In general, the tetrafluoroborate RTILs were obtained in modest yields, while the triflimides were obtained in good yields (Table 2). The low yield of the tetrafluoroborate reactions is probably due to the product being at least partially soluble in water (see experimental for full details). As a result, washing them to remove excess fluoroboric acid certainly resulted in at least some loss of material. It is probable that better yields can be obtained via other metathesis techniques [17,18].
In terms of the physical properties, viscosities and melting points were measured for each compound and are reported in Table 3 [19]. Of the trisubstituted butyl-methyl imidazolium halides, the butyl substituted compound was the only one that was a liquid at room temperature, the others were all solids with melting points around 50 °C. These salts became liquid when the halogen group was replaced with a tetrafluoroborate group. All BF4 compounds were liquids at room temperature with viscosities ranging from 400-1,170 cP. For BBMIM, a triflimide salt was synthesized and its viscosity compared to the other BBMIM compounds (Table 3, entries 2, 3, and 4). As expected, its viscosity (224 cP) was less than both the tetrafluoroborate (400 cP) and bromide (1,760 cP) analogs [20]. For the sake of comparison, 2-butyl-1-ethyl-3-methyl imidazolium iodide (EBMIM I), tetrafluoroborate, and triflimide RTILs were synthesized and the properties measured. It was found that the EBMIM I was a solid with a melting point of 47-55° C. The tetrafluoroborate analog was less viscous (220 cP) than the iodide and the triflimide was even less viscous (48.3 cP). This trend is consistent with the trend observed for the BBMIM RTILs. The regioisomer 1-butyl-2-ethyl-3-methyl imidazolium bromide (BEMIM Br) was synthesized to allow for the comparison of properties with EBMIM I. Like EBMIM I, BEMIM Br was a solid with a similar melting point (46-52° C). It may be beneficial to perform metathesis reaction on BEMIM Br to form its tetrafluoroborate and triflimide salts, and to compare their physical properties to their corresponding EBMIM analogs.

Experimental

General

NMR spectra were collected as solutions in deuterochloroform on either a JEOL 500 or 300 spectrometer. IR spectra were collected on a Varian 800 FTIR as thin films or, for solid samples, neat using an ATR attachment. All solvents and reagents were used as received and all reactions were run in oven-dried glassware under an atmosphere of argon. TLCs were performed on Merck aluminum-backed plates coated with silica and visualized using a UV lamp. Viscosities were measured on a Brookfield DV-E viscometer using materials that had been dried overnight under vacuum at 100 °C. Melting points were measured on a Fisher-Johns hot stage and are uncorrected.

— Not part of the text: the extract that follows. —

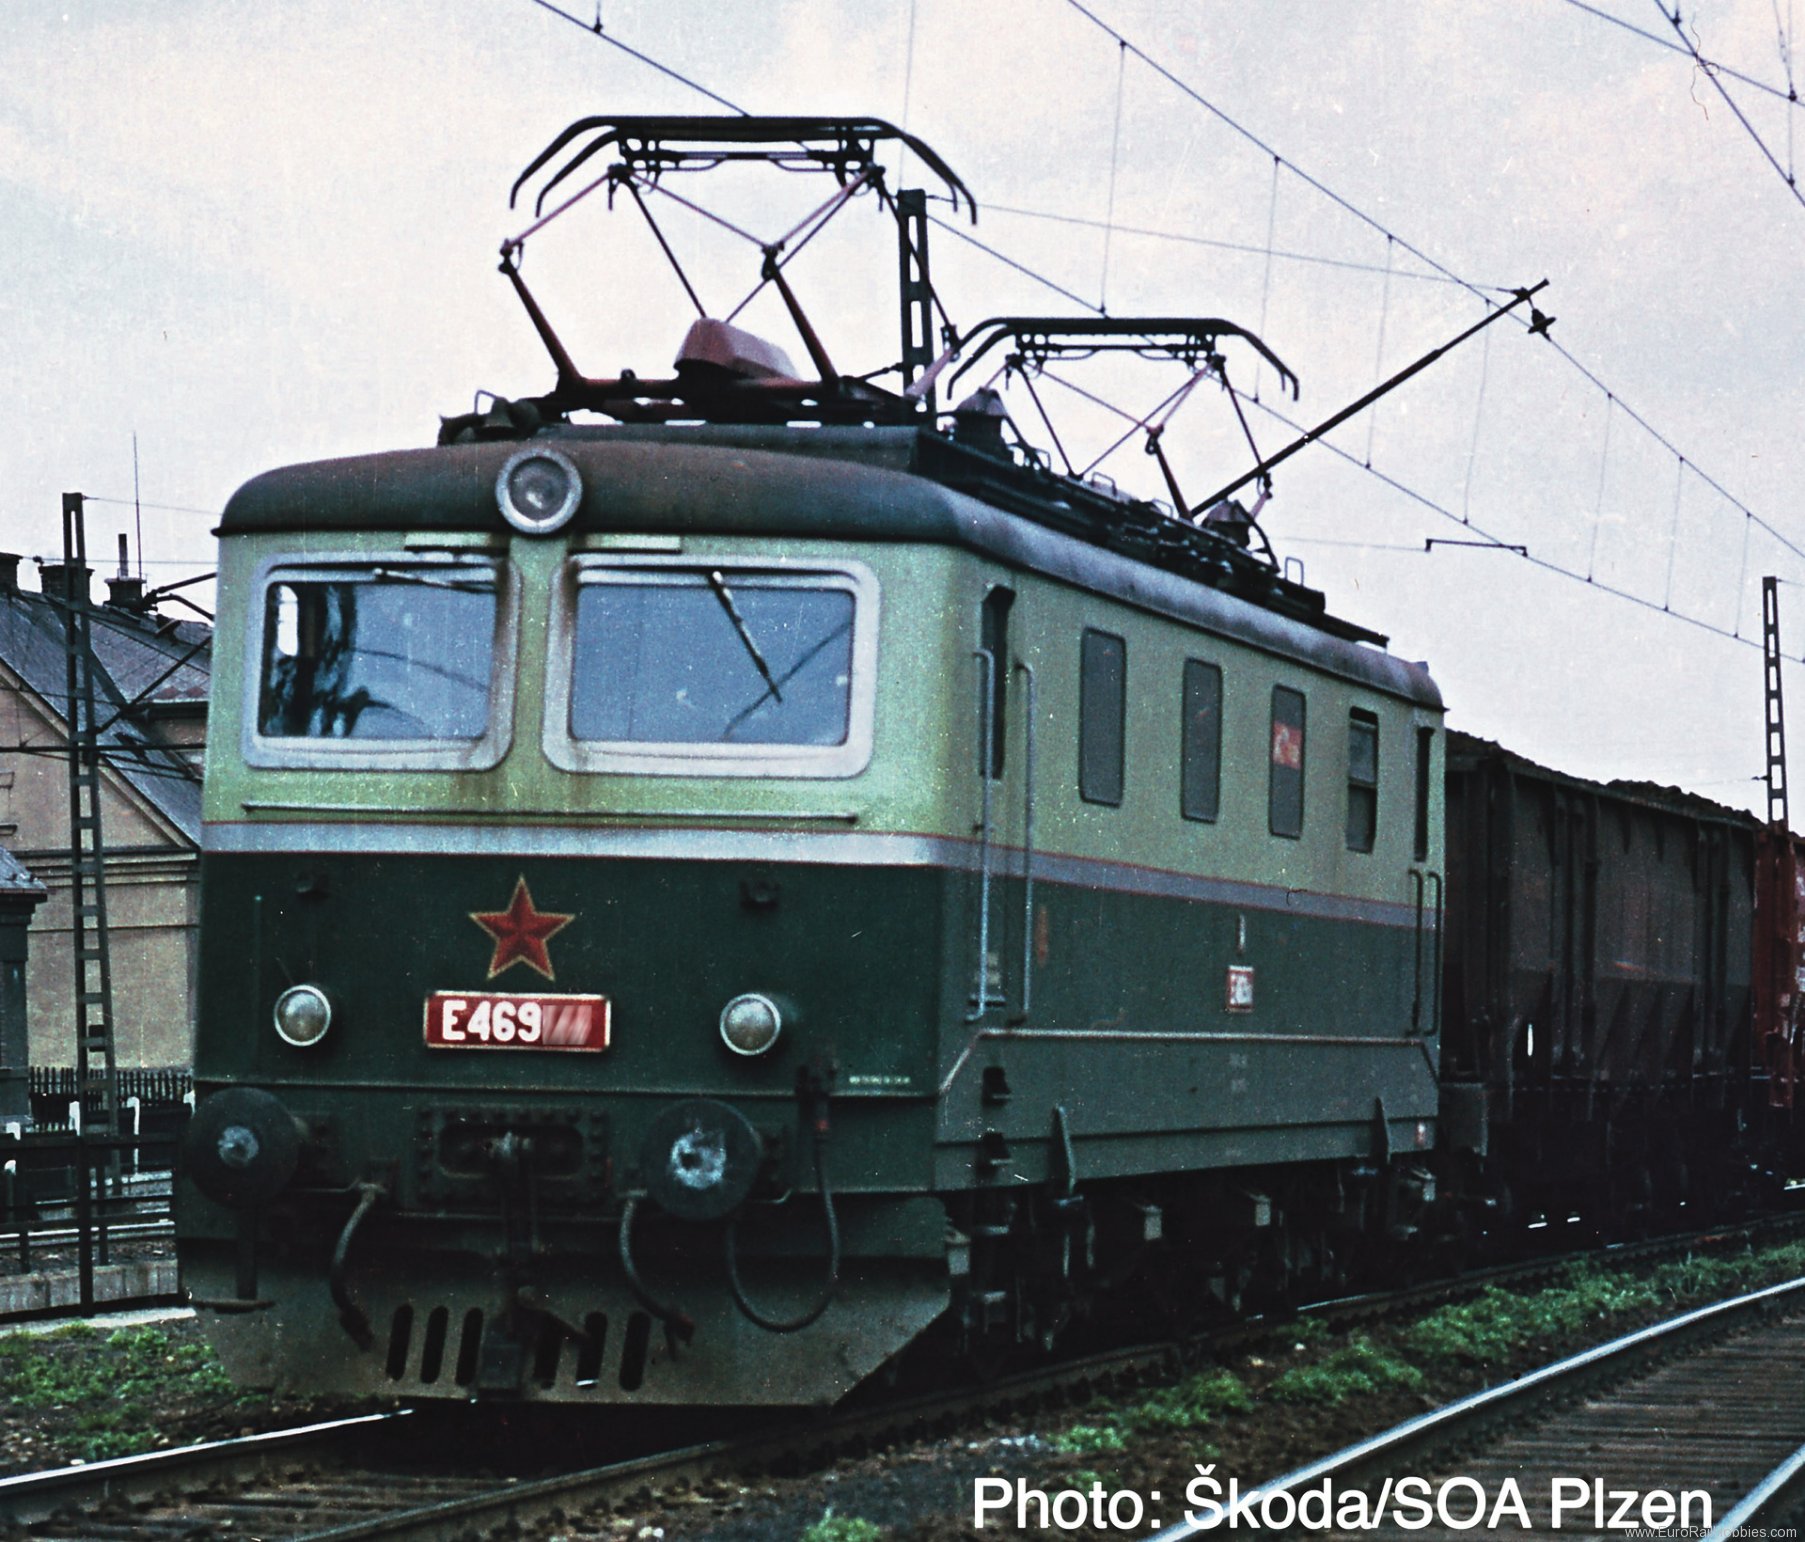 Roco 7520082 Electric locomotive E 469.1, CSD (Marklin AC 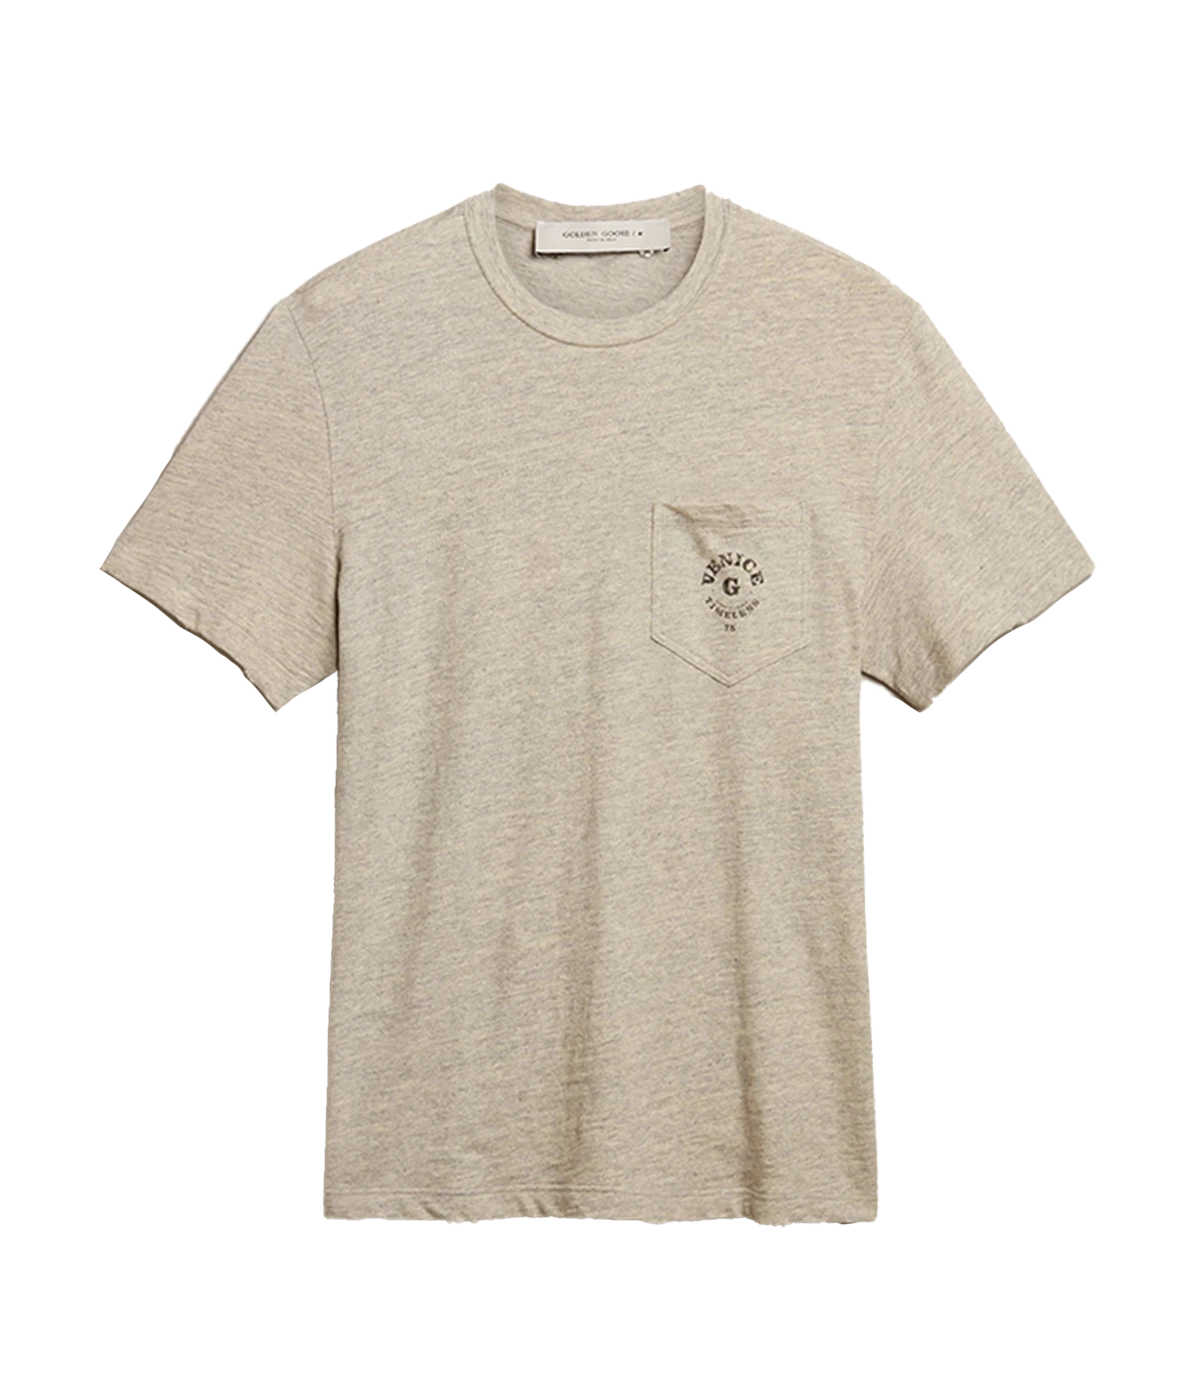 Journey T-Shirt in Melange Grey & Black

General procedure for the alkylation of 1-butyl-3-methylimidazolium bromide (BMIM Br) with alkyl chlorides

To a stirred solution of BMIM Br (10 g, 45.6 mmol) in acetonitrile (175 mL) was added NaH (60% in mineral oil) (2.18 g, 54.8 mmol). After allowing the mixture to stir for 4 hours, chlorobutane (16.93 g, 182.9 mmol) was added and the reaction was stirred overnight. The solution was filtered to remove any precipitated NaCl and the resulting solution was then evaporated to dryness to afford a red/orange oil. The resulting oil was washed with ether (3 x 75 mL) to remove any excess alkyl halide and the residual volatiles were then removed under vacuum.

Synthesis of 1-butyl-2-ethyl-3-methylimidazolium bromide (BEMIM Br)

To a stirred solution of BMIM Br (1.00 g, 4.56 mmol) in acetonitrile (25 mL) was added NaH (60% in mineral oil) (0.22 g, 5.48 mmol). After allowing the mixture to stir for 4 hours, ethyl bromide (2.00 g, 18.3 mmol) was added and the reaction stirred overnight. The solution was filtered to remove any precipitated NaBr and the resulting solution was then evaporated to dryness to afford a red/orange oil. The resulting oil was washed with ether (3 x 20 mL) to remove any excess alkyl halide and the residual volatiles were then removed under vacuum.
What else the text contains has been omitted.